3Adaptability or versatility
If flexible guardrails are implemented for AI monitoring, then adaptability to dynamic AI behavior is improved, but the system complexity increases
Solution Approach 1:
The patent implements dynamic guardrails using quantum computing principles. The quantum processor continuously adapts the monitoring parameters and control thresholds based on real-time AI system behavior, allowing the guardrails to be flexible and responsive without requiring complex manual reconfiguration. The quantum system's natural ability to exist in superposition states enables seamless transitions between different monitoring modes.
4Productivity
If quantum computing is used for AI monitoring, then the ability to process parallel conversions and threads is improved, but the ease of operation decreases
Solution Approach 1:
The patent implements self-service mechanisms where the quantum computing system automatically monitors and controls the AI system without requiring constant human intervention. The quantum processor independently handles parallel conversions and threads, adjusting monitoring parameters and control strategies autonomously, thereby maintaining high productivity while reducing the operational burden on users.

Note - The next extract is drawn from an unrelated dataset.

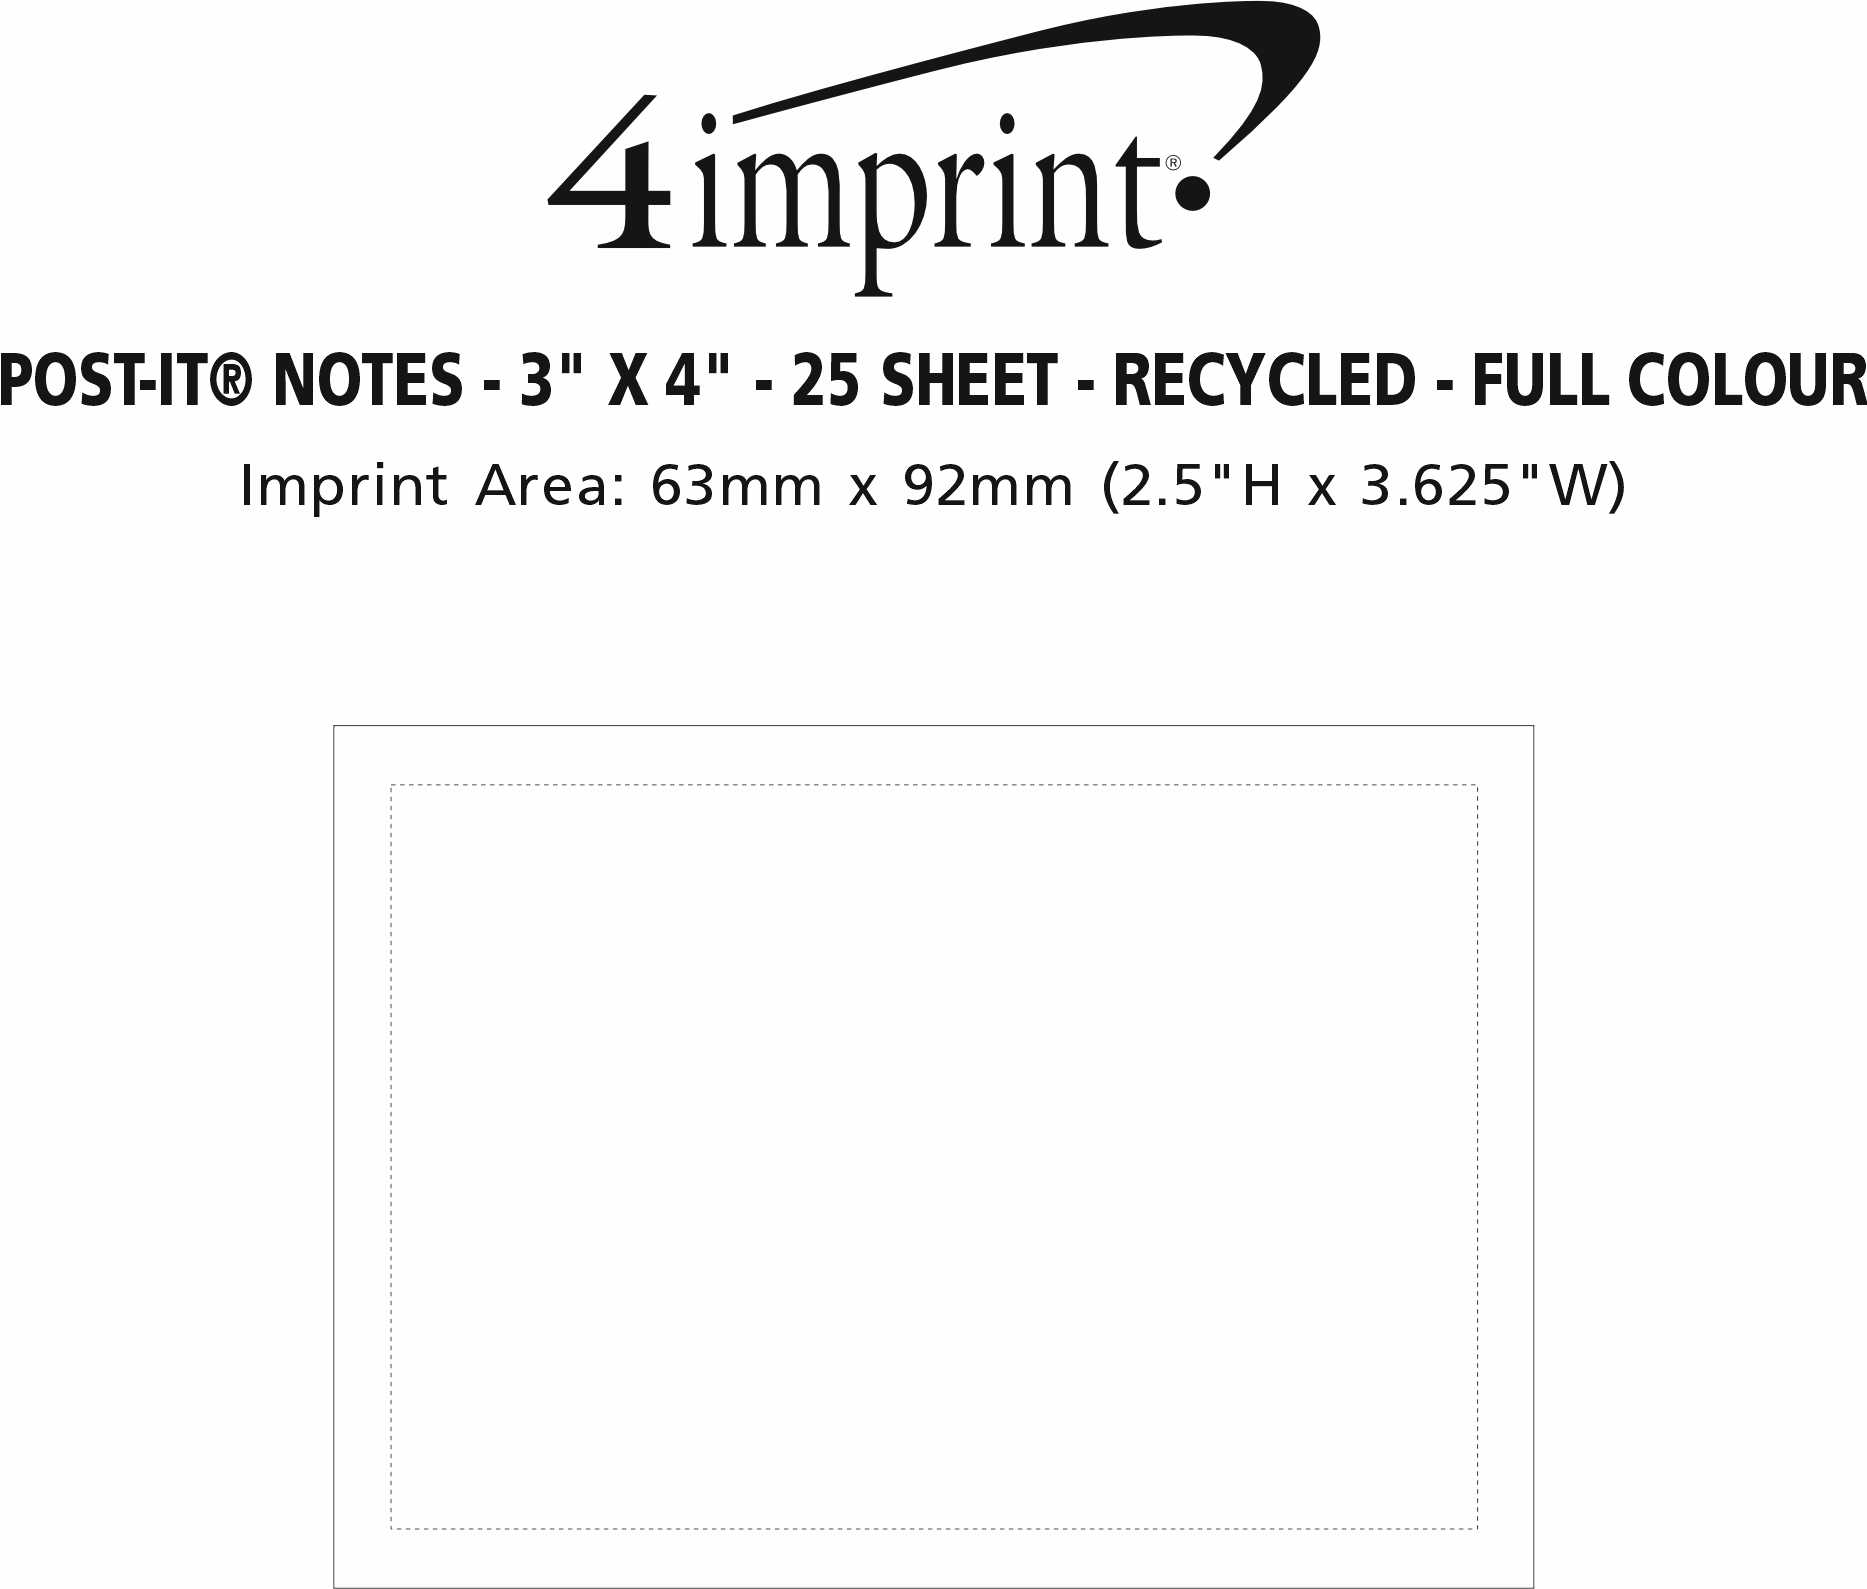 Imprint Area of Post-it® Notes - 3" x 4" - 25 Sheet - Recycled - Full Colour

Applied Scientific Principles
This section explains which scientific principles are used to turn an abstract innovation direction into a practical engineering solution.

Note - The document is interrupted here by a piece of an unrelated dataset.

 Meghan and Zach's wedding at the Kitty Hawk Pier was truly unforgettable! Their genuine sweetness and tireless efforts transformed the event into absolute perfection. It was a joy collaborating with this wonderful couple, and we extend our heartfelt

Function Achieved in This Case
The system provides efficient and dynamic monitoring of AI systems, ensuring they operate within defined boundaries while allowing flexibility and transparency, preventing unauthorized access and misuse, and enabling continuous oversight.
Implementation Method 1
A bit in a quantum computer is called a qubit. Quantum computing differs from classical computing in such a way that a qubit can be in a zero state and a one state at the same time.
Implementation Method 2
Quantum computing is the use of quantum-mechanical phenomena such as superposition, spin, and entanglement to perform computations.
Implementation Method 3
Quantum computing is the use of quantum-mechanical phenomena such as superposition, spin, and entanglement to perform computations.
Implementation Method 4
The systems and methods provided may orchestrate the execution of multiple Grover's conversion processes dedicated to an attribute of a boundary. The Grover's conversion processes may run in parallel on multiple data systems.
Data Source
AI summary
Systems and methods for artificial intelligence (“AI”) bidirectional monitoring with a quantum-computing-powered system as a flexible guardrail to AI are provided. The systems and methods may include a quantum processor and a classical processor. The systems and methods may include requesting data elements pertaining to boundaries. The systems and methods may include controlling boundary rules and creating classical boundary rules via a classical processor. The systems and methods may include interfacing classical boundary rules with a quantum processor. The systems and methods may include running Grover's conversions in parallel over the boundary rules. The systems and methods may include pulling dynamic market data through a legacy transformation platform including dynamically derived data values and a machine learning model (“MLM”) thereby monitoring and controlling an AI and machine learning (“ML”) processor.